Presentación del logo París 2024 en el Arco del Triunfo

El eslogan elegido por las autoridades parisinas para contender por la sede de los Juegos Olímpicos de 2024, “Made for Sharing”, es motivo de un gran malestar entre los franceses de tal forma que un grupo de organizaciones defensoras de la lengua anunciaron que iniciarán acción legal en contra de la frase.

Los defensores del idioma francés anunciaron que procederían ante la Corte Administrativa de París porque el uso del eslogan no solo es violatorio de la ley de 1994 que protege la lengua francesa, sino incluso de la Carta Olímpica.

Paris 2024, Made for Sharing, es la frase con que se identifica la propuesta de Francia para hospedar las Olimpíadas de 2024. Fue hecha de conocimiento público a principios de febrero y la crítica ha sido incesante en varios sectores del país que lo han considerado un atentado a un símbolo del que los franceses están verdaderamente orgullosos: su idioma.

El abogado Emmanuel Ludot, representante de los intereses del grupo, declaró el viernes por la tarde que el eslogan es “un insulto” a la lengua francesa la cual, recordó es lengua oficial del olimpismo.

Los proponentes de la frase la defienden señalando que no todos entienden francés y que el inglés es el idioma más hablado incluso entre los atletas y mediante el cual se suelen comunicar, pero los defensores de la lengua responden que hay frases en francés que son igualmente comprensibles para una gran mayoría.

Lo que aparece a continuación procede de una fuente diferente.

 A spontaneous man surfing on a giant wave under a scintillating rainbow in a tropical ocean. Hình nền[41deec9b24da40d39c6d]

“Obviamente encuentro este eslogan como un error, un absurdo. París, la capital del mundo francófono está reverenciando la lengua no solo de Shakespeare, sino también de Donald Trump”, declaró Bernard Pivot, miembro de la Academie Goncourt.

¿Por qué sale Donald Trump a colación? Por algo que no es secreto para nadie y es su limitado vocabulario que está poniendo en aprietos a los traductores franceses -y de otras lenguas, pienso- que no saben si traducir sus palabras suavizando su estilo o dejarlas tal cual para que los franceses diluciden el mensaje.

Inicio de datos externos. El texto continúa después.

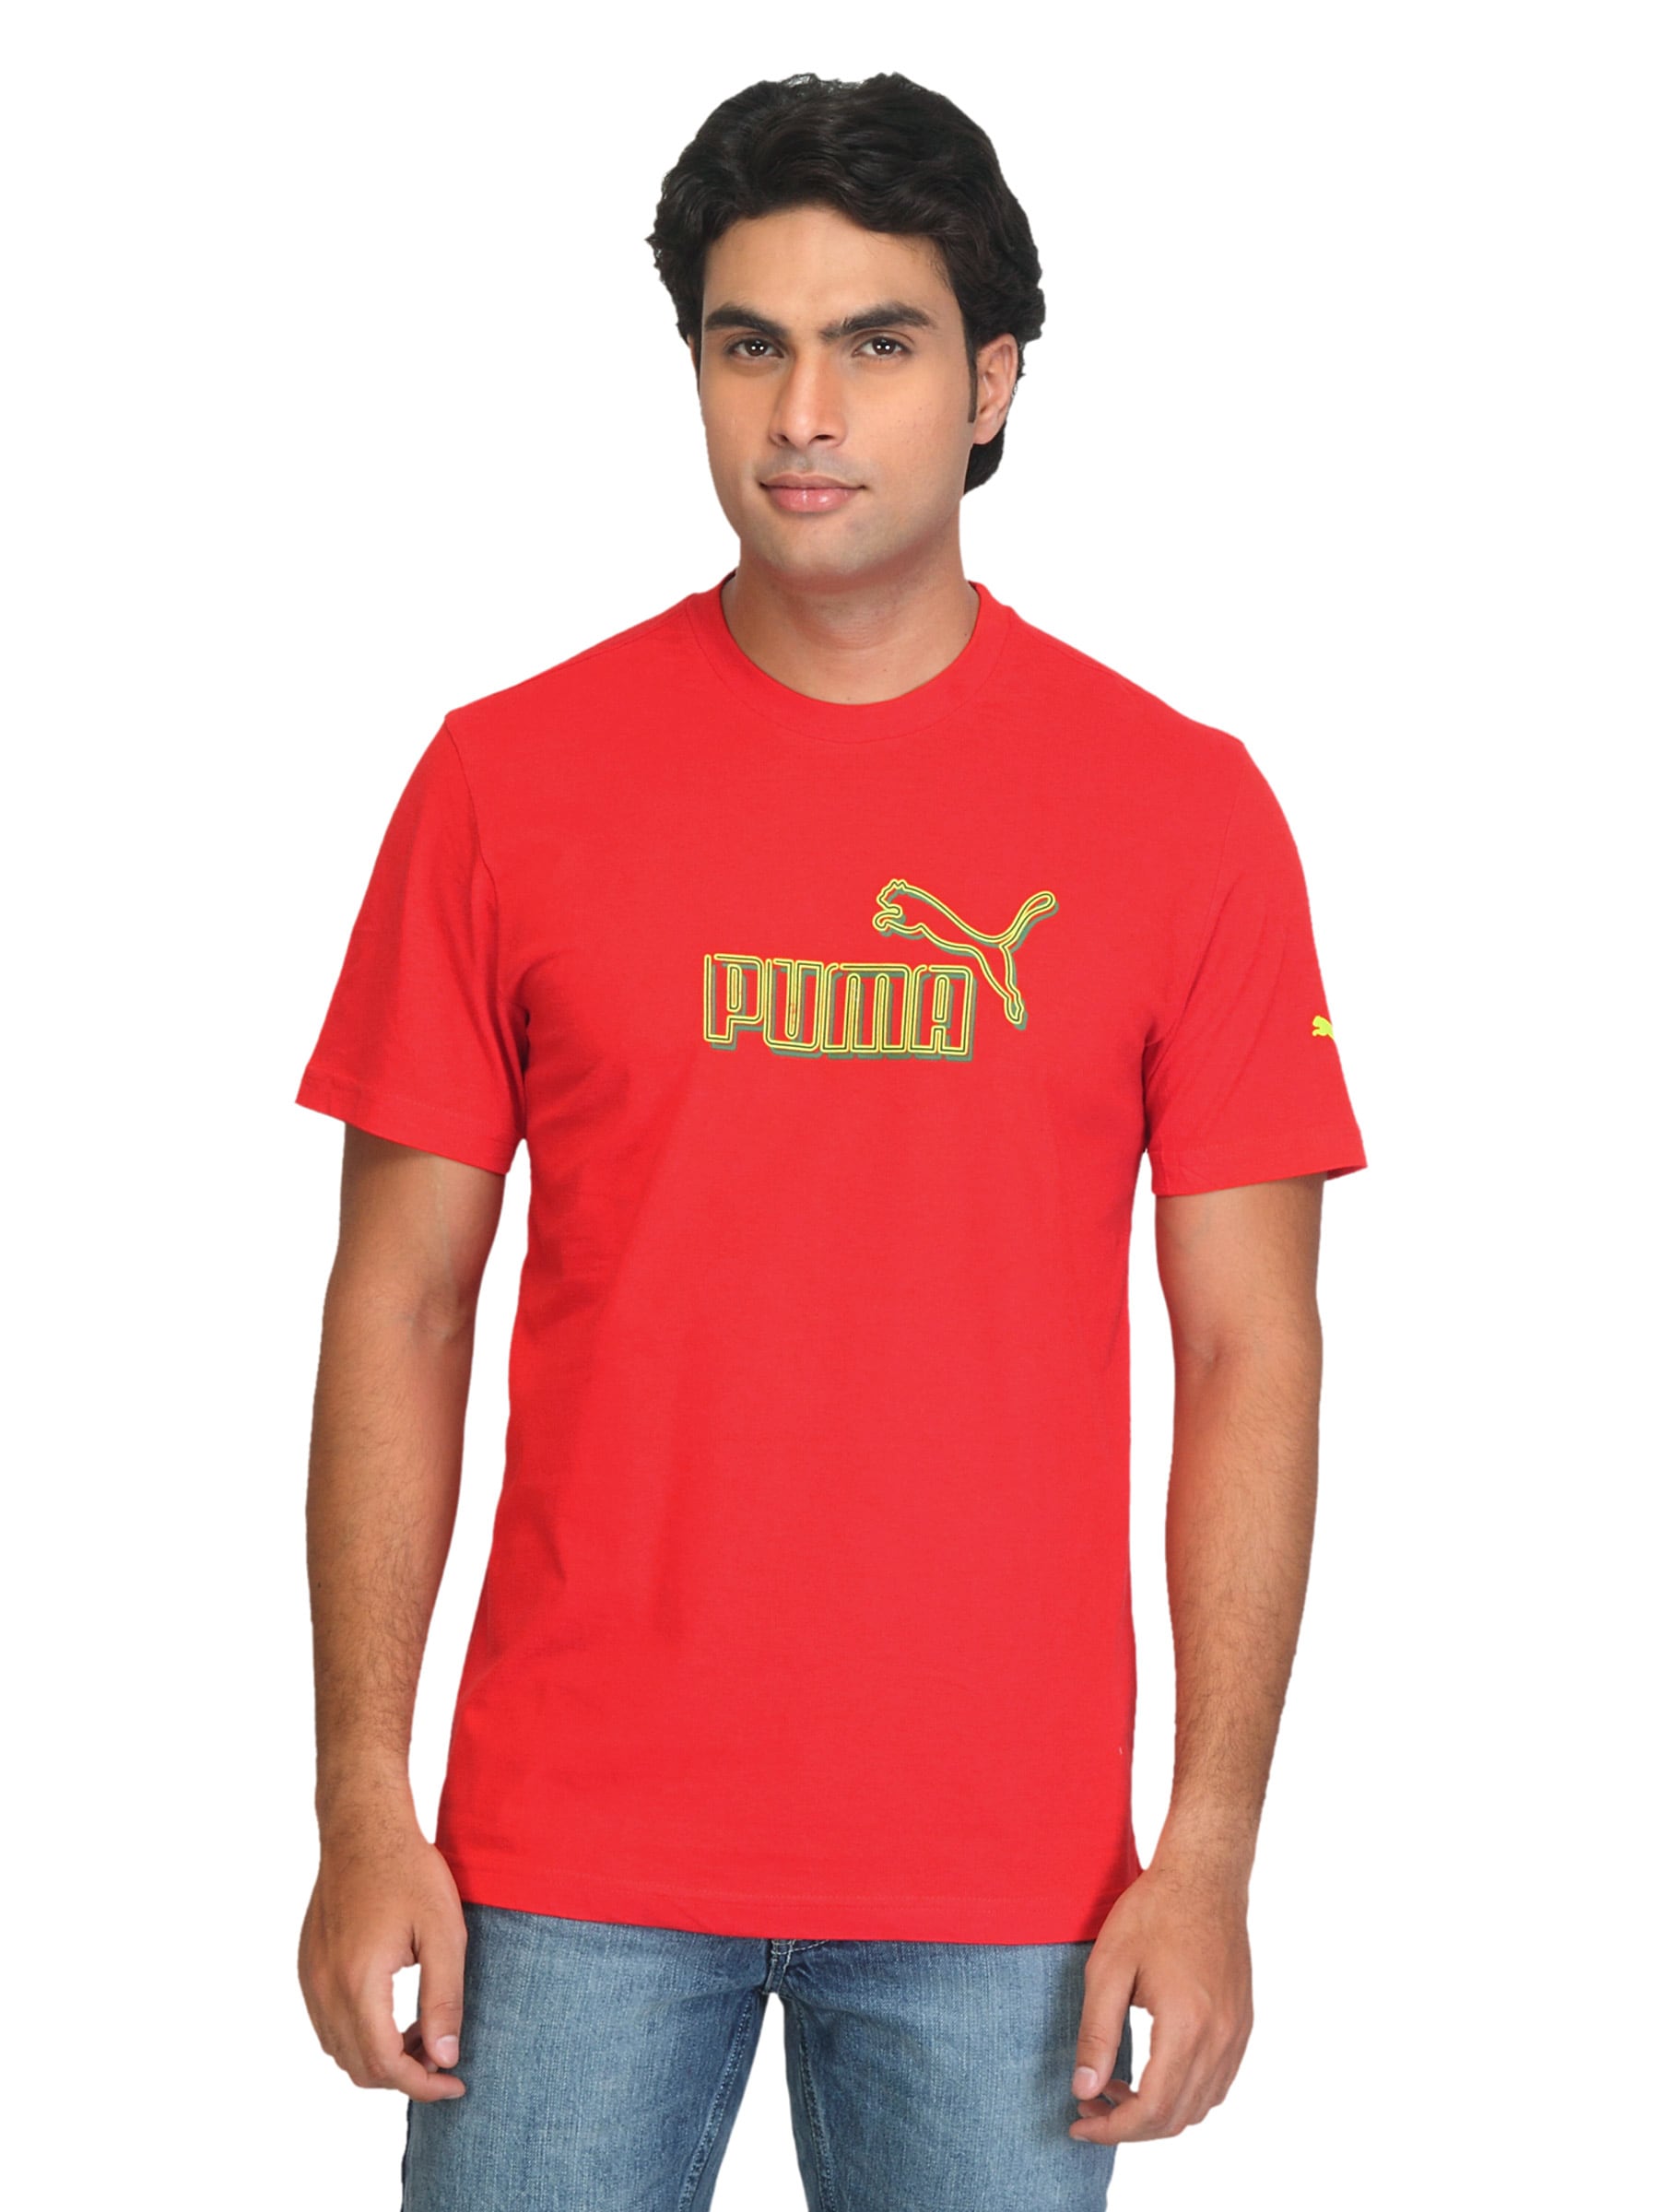 Puma Men Calonge Graphic Red T-shirt

“El vocabulario de Trump es limitado; su sintaxis es rota; repite las mismas frases una y otra vez, forzando al traductor a seguir su ejemplo”, declaró en una entrevista reciente el traductor francés Bérengère Viennot.

Cómo habla Donald Trump, sin embargo, no es el tema principal, sino la defensa que los países y estados francófonos hacen de su lengua, de la cual se sienten muy orgullosos y a la que quieren preservar de contaminaciones de otros idiomas prohibiendo, en primera instancia, los temidos anglicismos.

Así, en 2013 el entonces el primer ministro francés, Jean-Marc Ayrault, escribió una carta en la que prohibió a los funcionarios el uso del idioma inglés, recordándoles que el francés se estableció en la Constitución de 1992 como el idioma oficial de la administración y de las cortes, razón por la cual usar el inglés podría ser ilegal.

Ye en la provincia francófona de Canadá, Quebec, se han hecho varios esfuerzos por preservar la pureza de la lengua, multando a quienes utilicen palabras en inglés para promocionar sus bienes y servicios, e incluso reformando leyes para que las empresas usen el francés en sus marcas publicitarias.

Probablemente el eslogan se terminará cambiando al francés lo que será importante si la propuesta de París gana y se nombra sede de los Juegos Olímpicos 2024, pero si la pierde, el tema solo será anecdótico.